The assumption -of the practice in question- can be a reason for exoneration of the sanction, and legitimate trust can be invoked, according to the STS of November 24, 2009, appeal 5083/2007: “well, the reason must be upheld, and this because, effectively, and as expressed by the appellant entity, this clause included in the aforementioned contracts was admitted in financial practice…”.

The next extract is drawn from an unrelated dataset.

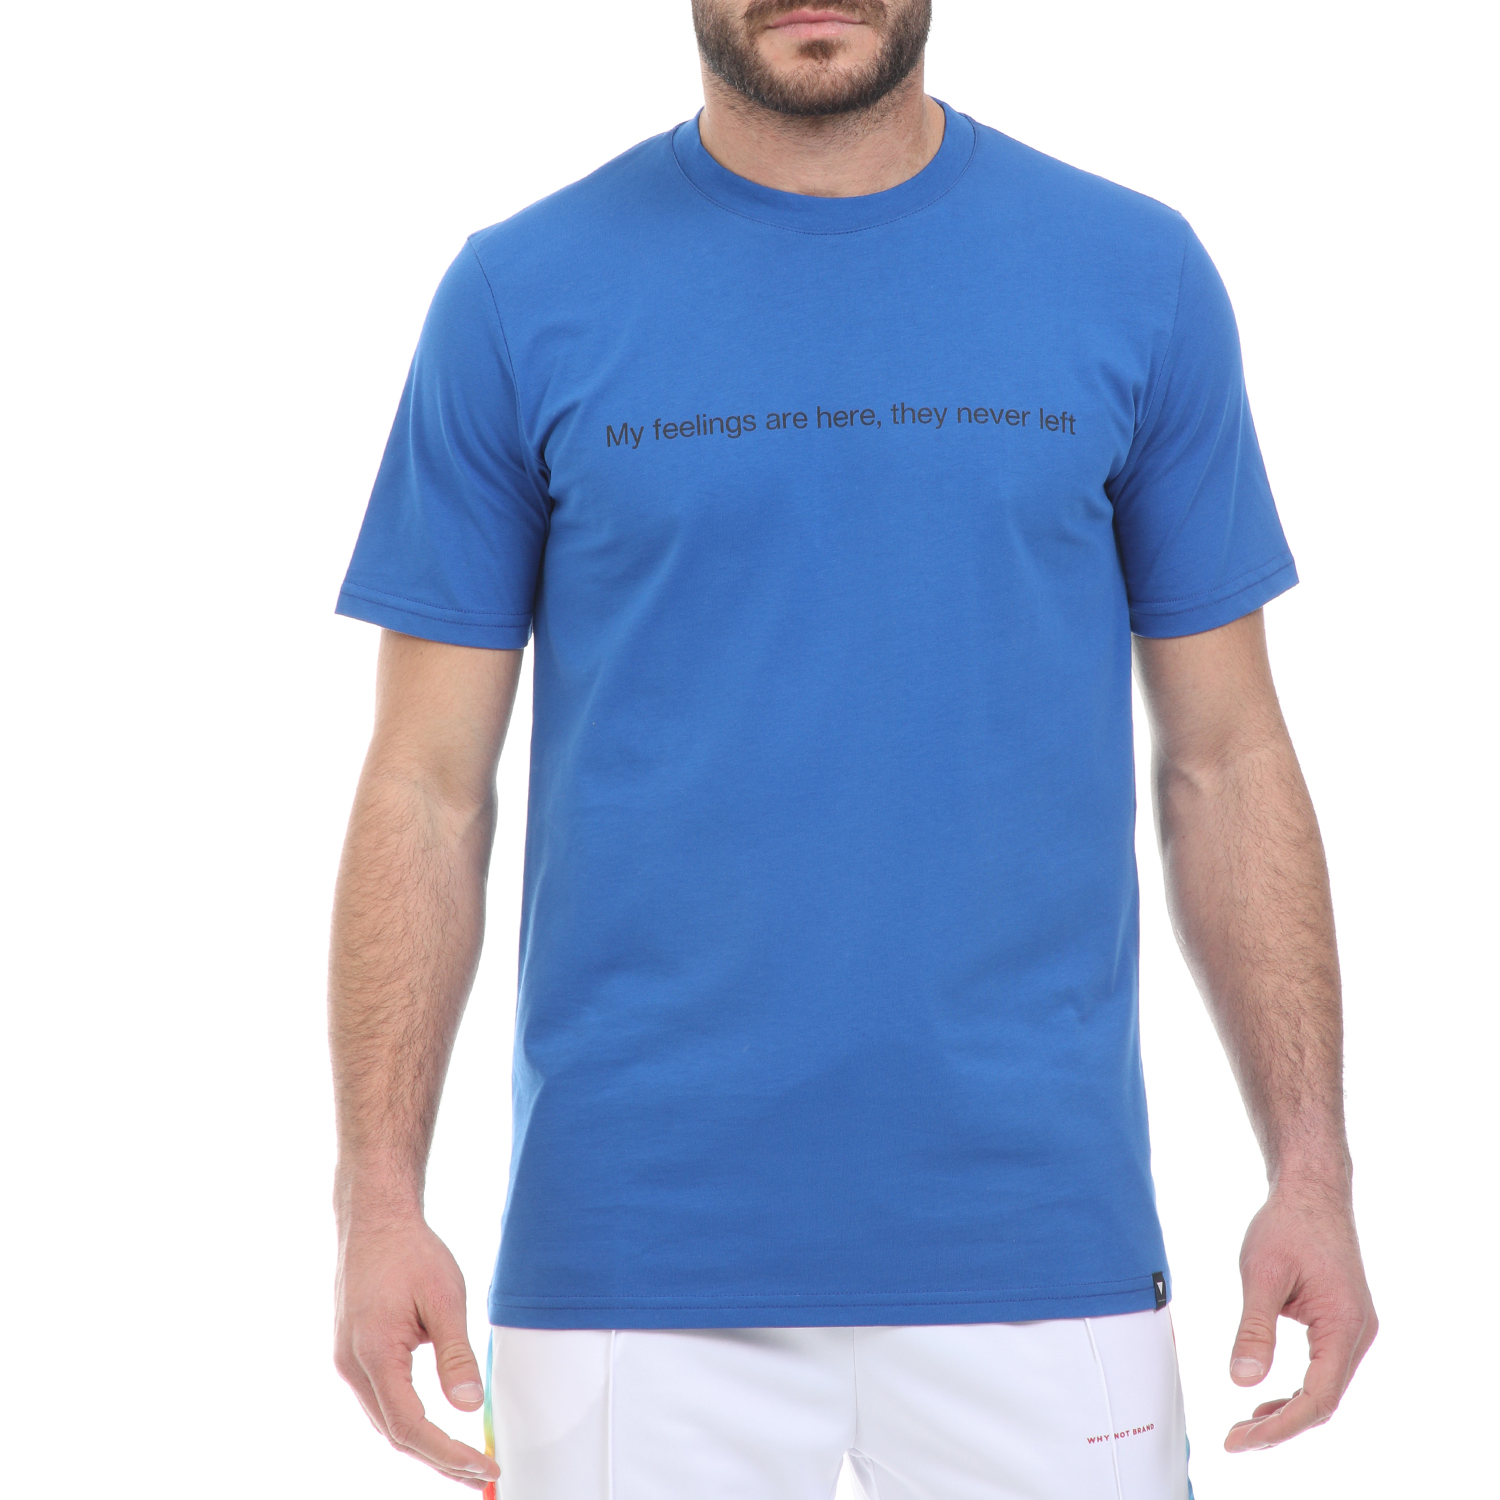 Ανδρικά/Ρούχα/Μπλούζες/Κοντομάνικες WHY NOT - Ανδρικό t-shirt WHY NOT TEE FEELINGS μπλε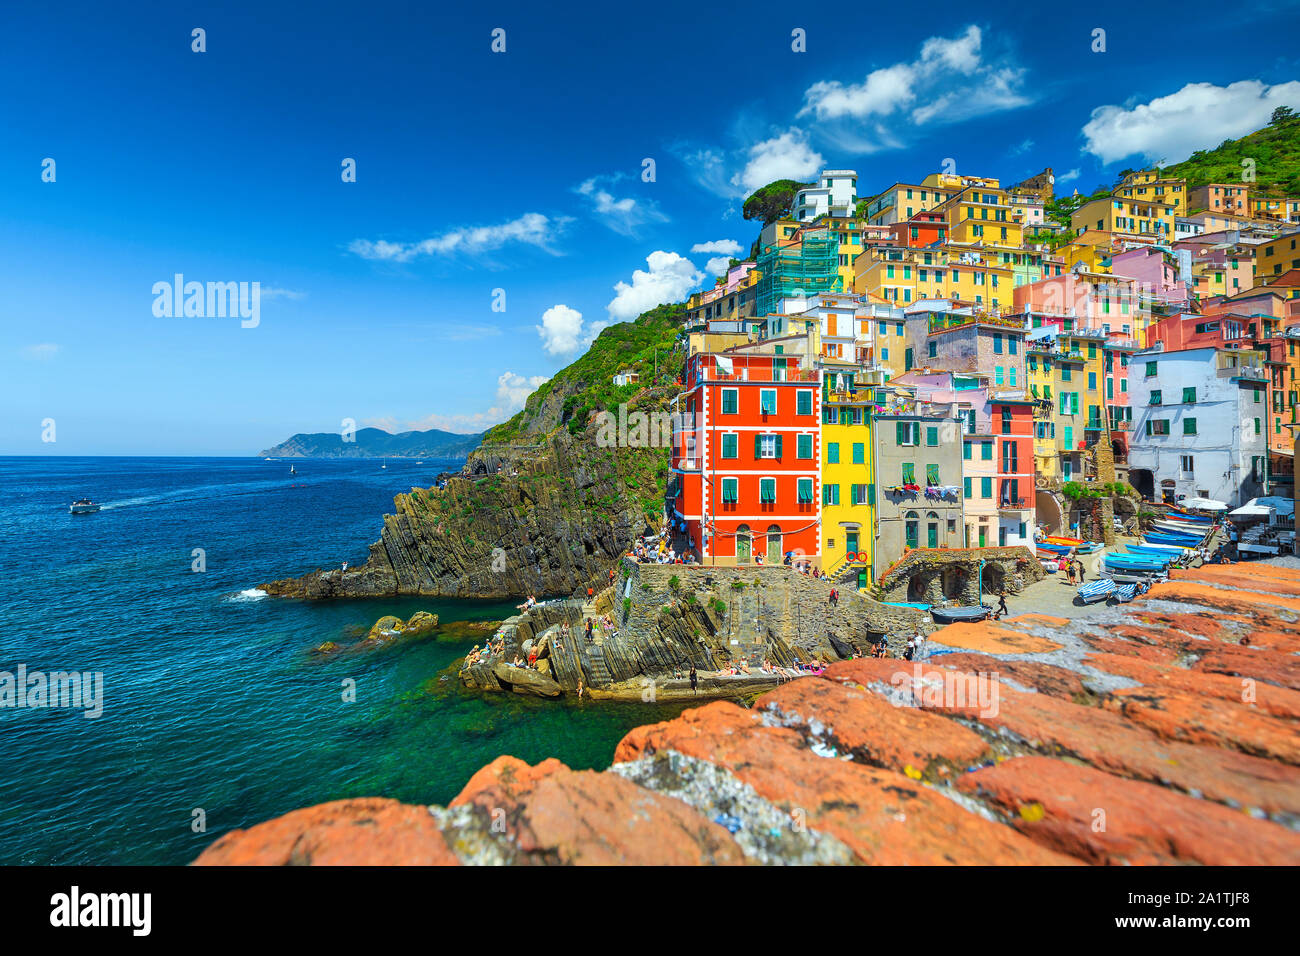 Voyage pittoresque et la photographie. Village touristique populaire avec des maisons colorées sur les falaises, Riomaggiore, Cinque Terre, Ligurie, Italie, Banque D'Images

The Judgment of the National Court of 27 May 2015 (JUR 2015, 155001) appeal 130/2013 can also be cited: a sanction of the National Competition Commission imposed for having issued a series of circulars (by an association to its associates) of price recommendations is annulled. This judgment is interesting because it contains a series of arguments on the principle of legitimate expectations and how the Administration, by means of different actions, made the parties concerned understand the possibility of carrying out the practice that was the object of the sanction: “but we consider that in view of the concurrent circumstances and specifically the terms in which the intervention of the Ministry of Development took place when seeking a solution to the conflict generated by the increase in diesel prices, particularly, when signing the agreements with the appellant Transport Association, contemplating the raising of the transport tariffs through the general implementation of the updating clause, and translating them into subsequent measures of the Council of Ministers and even into a ministerial order, such action constitutes an action of the behavior of the associations concerned, which acted in the confidence that they were acting within the legal framework and with respect to the principles of free competition (…). ) In this context, it can be affirmed that the Administration issued a series of objective, unequivocal and conclusive signals embodied in the documented agreement (…). ) And finally, the contrast between the administrative action -which promoted in a general way the inclusion of the incorporation of the updating clause to all types of contracts- and the content of the press release we are analyzing -in which it urged its associates to act in accordance with that general criterion promoted by the specific administrative body- determines that it can be understood that the association acted in accordance with the reiterated external signs coming from the Ministry of Public Works and Transport, which generated confidence in the legitimacy of its actions, which sufficiently justifies the exclusion of any sanction to the association ASETRAVI, as the Court of instance correctly assessed”.